About East Riddlesden Hall
It doesn’t take much to imagine how East Riddlesden Hall would have commanded attention in days gone by.
Built on a plateau overlooking the River Aire, surrounded by fields and meadows this former agricultural property has foundations dating back to 973.
The stone, locally sourced from the edge of Ilkley Moor, has been blackened by time and industry and is still just as rough to touch as it originally was.
Over time the land has been sold off leaving the house enveloped by Riddlesden as we know it today.
This warm, friendly and intimate home has a chequered history spanning through the decades from Tudor times to the present day.
Large mullioned windows and the two perfectly formed rose windows speak of wealth. Step through the 400 year old solid studded oak door and see the original locking mechanism which is still in use today.

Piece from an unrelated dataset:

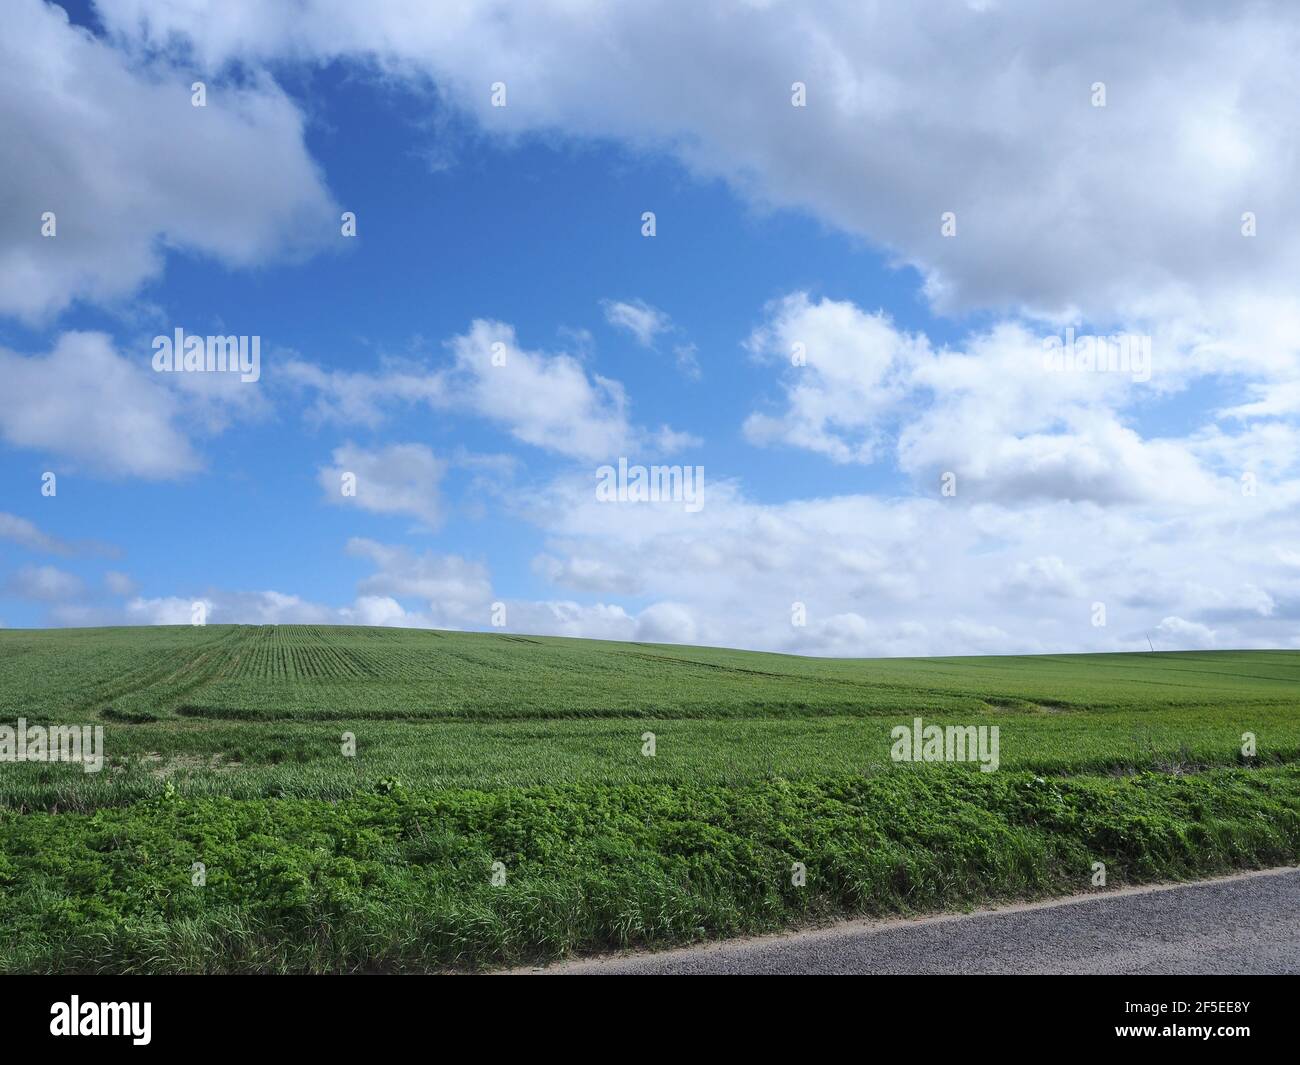 Windows xp bureau Banque de photographies et d'images à haute résolution -  Alamy

Inside you're welcomed by a blend of deep rich panelling and intricate plaster work ceilings. Floorboards varying in width tell a story of the many stages of this wonderful jigsaw puzzle of a house.
Each room offers up a taste of life in the past. Stone fireplaces vary in size and detail, apothecary jars would have been used for medicinal purposes and the delightful lantern clock announces its presence through its distinctive chime. These are just a few of the items which have stories just waiting to be told.
The house has seen many a family in residence; none of which were noble. Stories of the merchant class and tenant farmers unravel with scandal and intrigue. The most infamous names to dominate East Riddlesden Hall’s history are the Maudes, Paslew, Rishworths, Murgatrods and the Starkie family.
With the deeds being handed over to the National Trust in 1934 by the Briggs brothers of Keighley, the house was saved from demolition and thankfully continues to be a hive of activity, albeit in a slightly different capacity.
Come and contribute to the worn stone flooring and marvel at how generations before us dreamed of making a local house grand.